El fundador promedio tiene un grado de maestría. El abandono de carreras, mientras tanto, fue "estadísticamente insignificante", dijo Ng. La edad promedio es de 38 años, y el 38 por ciento de los fundadores respaldados por capitalistas de riesgo tienen más de 40 años.

El factor más predictivo para determinar si alguien fundaría una compañía quizás fue menos sorprendente: si habían trabajado para una empresa que había sido respaldada por capitales en el pasado. Quienes trabajaban en Google tenían probabilidades de convertirse en emprendedores. Las personas que se quedaron en el mismo trabajo mucho tiempo tenían menos probabilidades de fundar una empresa, mientras que las personas que lo habían intentado y no lo lograron tenían más probabilidades de obtener el capital de riesgo en otro intento.

Es demasiado pronto para saber si la estrategia de Bloomberg Beta funcionará. Para cada uno de los dos últimos años, la empresa ha encontrado a 350 fundadores potenciales. El año último, ocho de ellos fundaron empresas, tres obtuvieron capital de riesgo y Bloomberg invirtió en uno. Bahat dijo que aun si los que encuentran no fundan empresas, podrían ser buenos empleados en empresas en las que invierten.

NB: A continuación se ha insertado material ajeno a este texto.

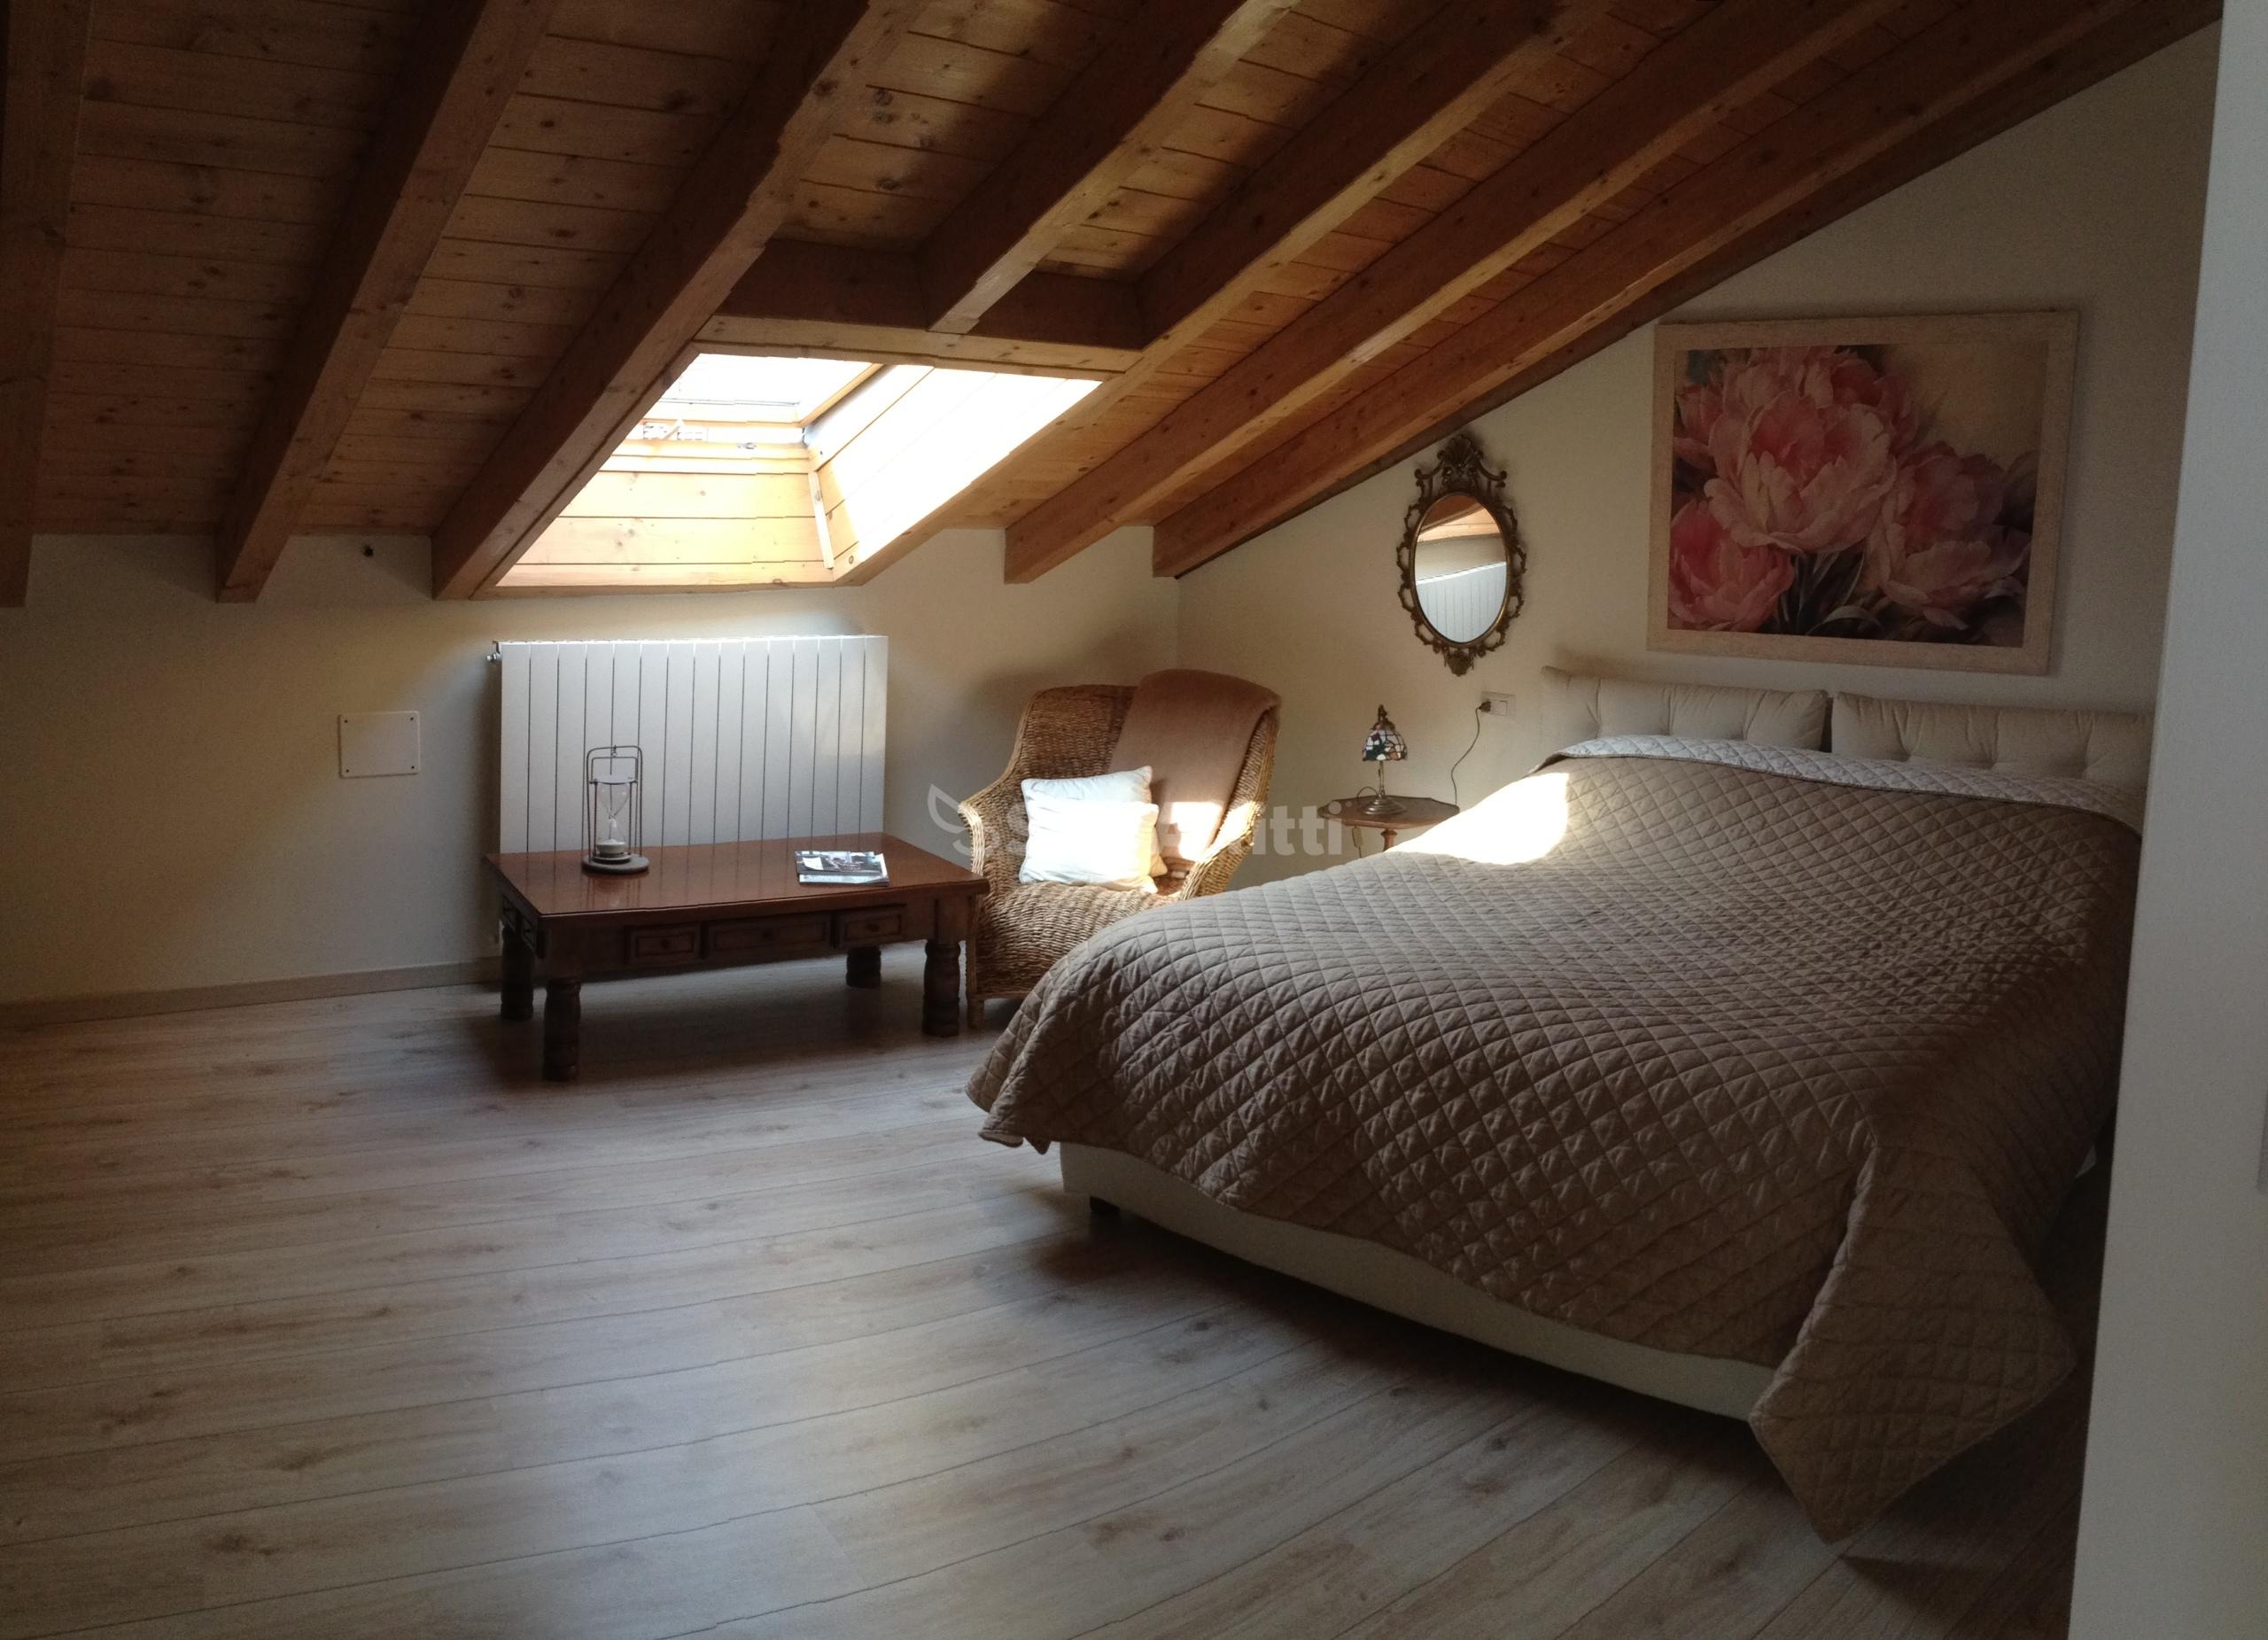 Affitto appartamento bilocale arredato 65 mq for Affitto cassano magnago bilocale arredato

Algunos otros inversores también dependen en gran medida de los datos para hacer inversiones. Google Ventures utiliza datos como la ubicación de una start-up y el historial del fundador. WR Hambrecht & Co invierte casi exclusivamente basándose en algoritmos, pero dichos fundadores tienen un valor predictivo de sólo el 12 por ciento como factor de éxito; el mercado en el que ingresan es más importante.

"No hay sólo una manera de predecir el futuro", dijo Thomas Thurston, quien es el director gerente de WR Hambrecht. "Todos pueden poner los datos que quieran".

Es cierto que la inversión en start-ups nunca será una ciencia. Depende demasiado del momento, de la suerte y del juicio humano. Pero se podría financiar un conjunto más diverso de fundadores haciendo más que esperar a que aparezca un chico con buzo y capucha.